Darf der Chef Zwangsferien anordnen?

Weil es im Unternehmen zu wenig Arbeit gibt, schickt der Geschäftsführer einen Mitarbeiter kurzfristig in die Ferien. «Espresso» sagt, wie sich Angestellte in dieser Situation verhalten müssen, damit sie dennoch den vollen Lohn bekommen.

Der Chef bestimmt, wann seine Angestellten in die Ferien fahren dürfen. Das steht so in Gesetz. Er muss aber auf die Wünsche seiner Angestellten soweit wie möglich Rücksicht nehmen.

Das gilt auch bei der Ankündigung der Ferien. Angestellte müssen ihre Ferien vernünftig planen können. Ferien müssen deshalb mindestens zwei Monate im Voraus angekündigt werden.

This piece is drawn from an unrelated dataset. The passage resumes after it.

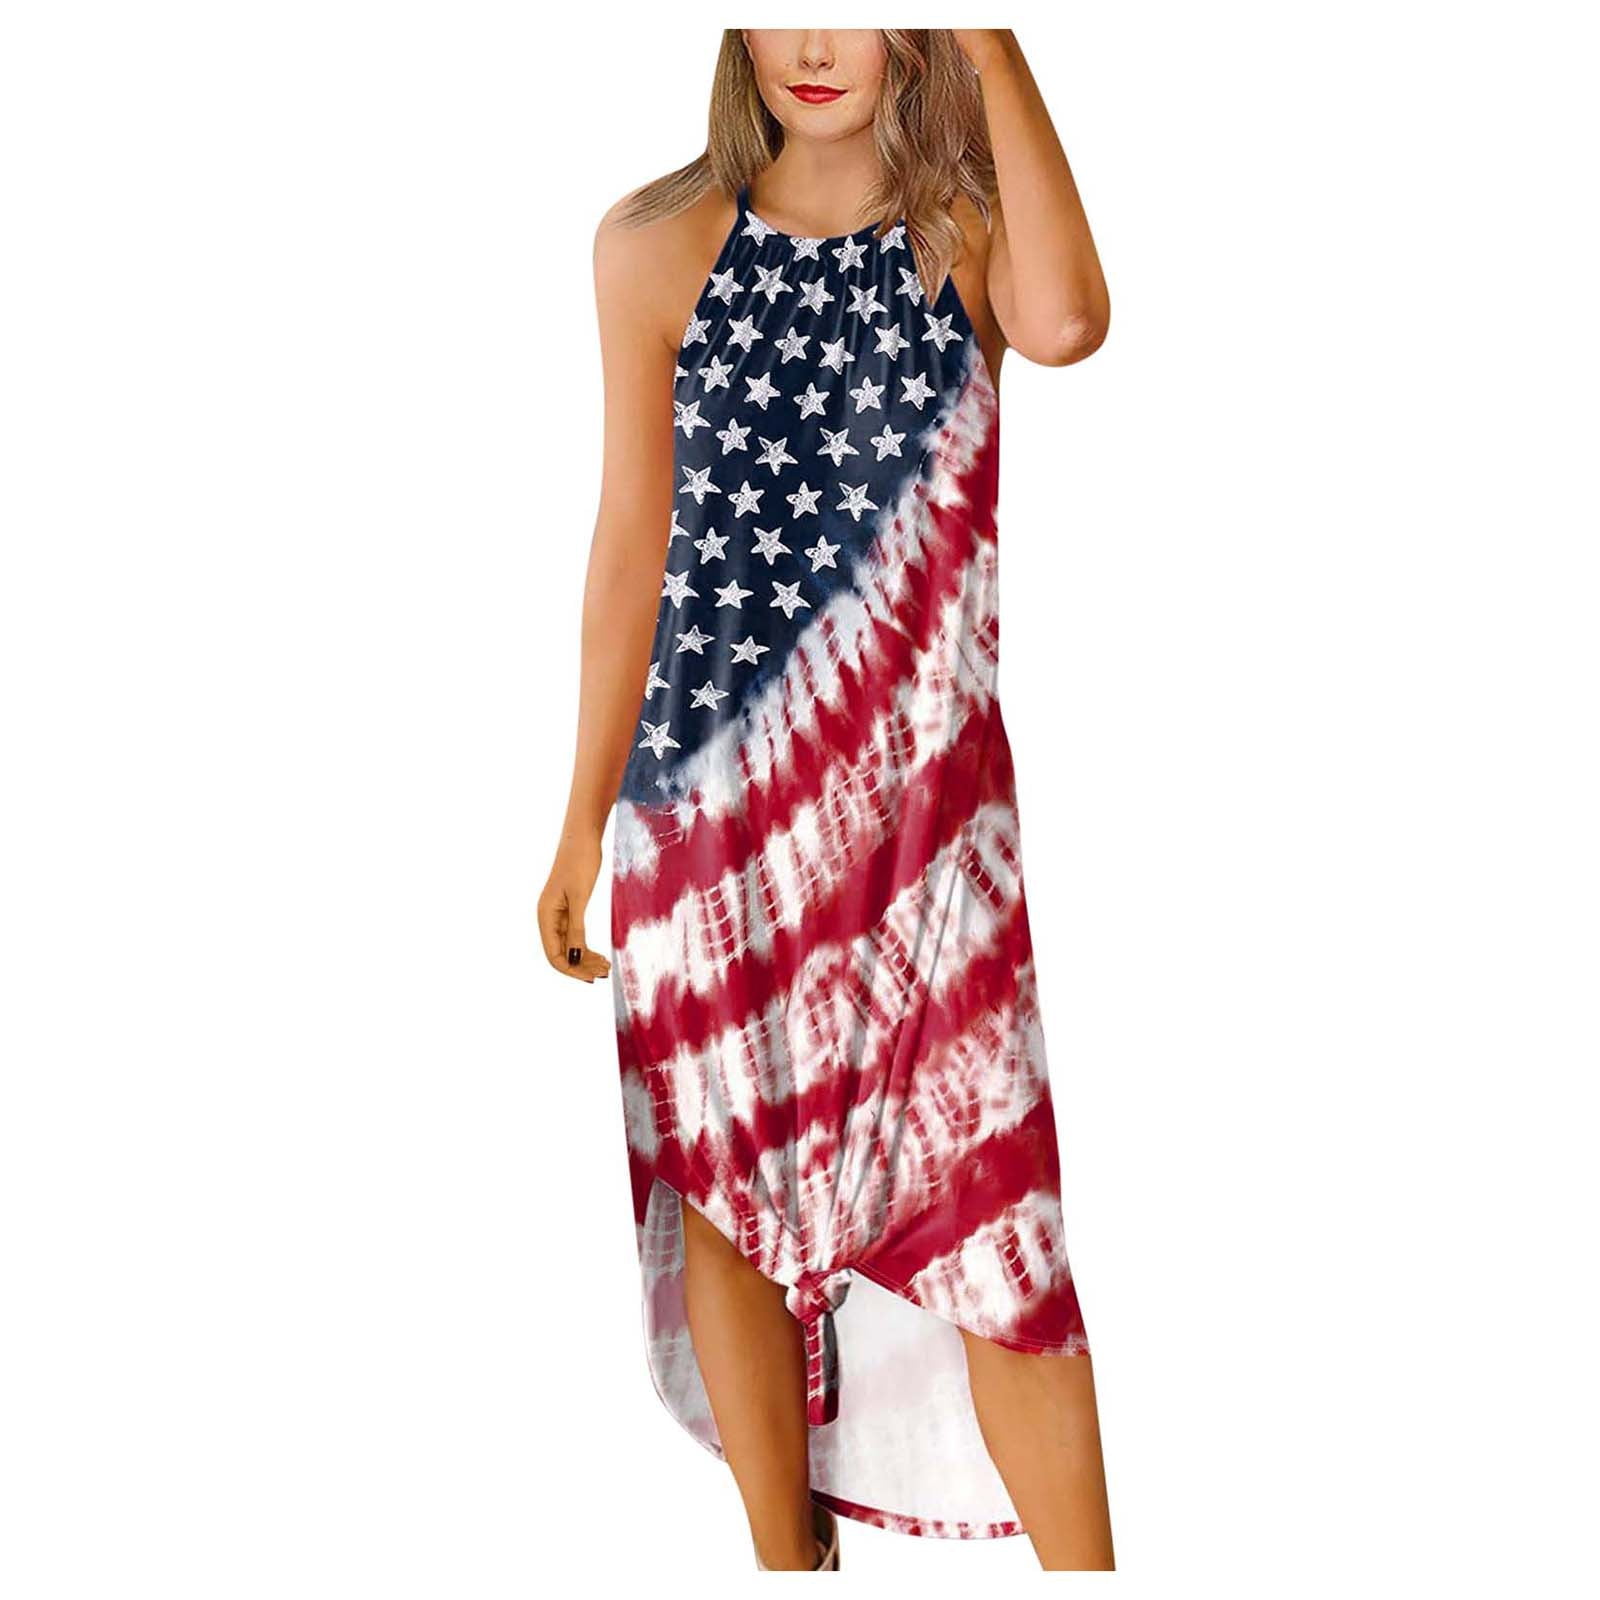 NLOMOCT Womens Summer Short Sleeve American Flag Dresses Stripe Gradient Mini Dresses Casual Beach Party Dresses Sundress

Beim «Espresso»-Hörer aus Adliswil ist damit klar: Ein Arbeitgeber darf seine Angestellten nicht einfach kurzfristig und auch nicht tageweise in die Ferien schicken, weil es zu wenig Arbeit im Betrieb gibt. Weil Ferien der Erholung dienen, müssen Angestellte ohnehin einmal im Jahr mindestens zwei Wochen Ferien aneinander beziehen.

Diese Bestimmung ist zwingend. Es darf also nicht in einem Arbeitsvertrag oder in einem Reglement davon abgewichen werden.

Schickt der Chef Angestellte heim, muss er den Lohn trotzdem bezahlen

Gibt es in einem Unternehmen zu wenig Arbeit, darf die Betriebsleitung die Angestellten nach Hause schicken. Aber: Die Angestellten haben trotzdem den vollen Lohn zu Gute und sie müssen die unfreiwillig freien Tage auch nicht nacharbeiten. Juristen sprechen vom «Annahmeverzug».

Voraussetzung für den Lohnanspruch ist jedoch, dass Angestellte in einer solchen Situation ihre Arbeitskraft «anbieten».

Der betroffene «Espresso»-Hörer aus Adliswil sollte seinem Chef deshalb mitteilen, dass er mit dem Ferienbezug nicht einverstanden ist und gerne arbeiten möchte. Aus Beweisgründen sollte er das nicht nur mündlich, sondern auch noch per Mail tun.

Weil Angestellte gegenüber ihrem Betrieb eine Treuepflicht haben, müssen sie ihrem Arbeitgeber in solchen Situationen auch entgegenkommen. Wenn zum Beispiel in einer anderen Abteilung genügend Arbeit vorhanden wäre, so wäre ein vorübergehender Einsatz an einem anderen Arbeitsplatz zumutbar.

Überstunden einziehen als Kompromiss

Eine andere Möglichkeit wäre, dass der «Espresso»-Hörer seinem Chef anbietet, in nächster Zeit Überstunden abzubauen. Zwar gilt bei den Überstunden, dass sie nur mit Freizeit ausgeglichen werden dürfen, wenn der Angestellte damit einverstanden ist (siehe dazu den Bundesgerichtsentscheid in der Linkbox).

Dieser Vorschlag wäre ein Entgegenkommen des Angestellten. Will der Arbeitgeber einen loyalen Mitarbeiter nicht demotivieren, wird er das Angebot dankend annehmen.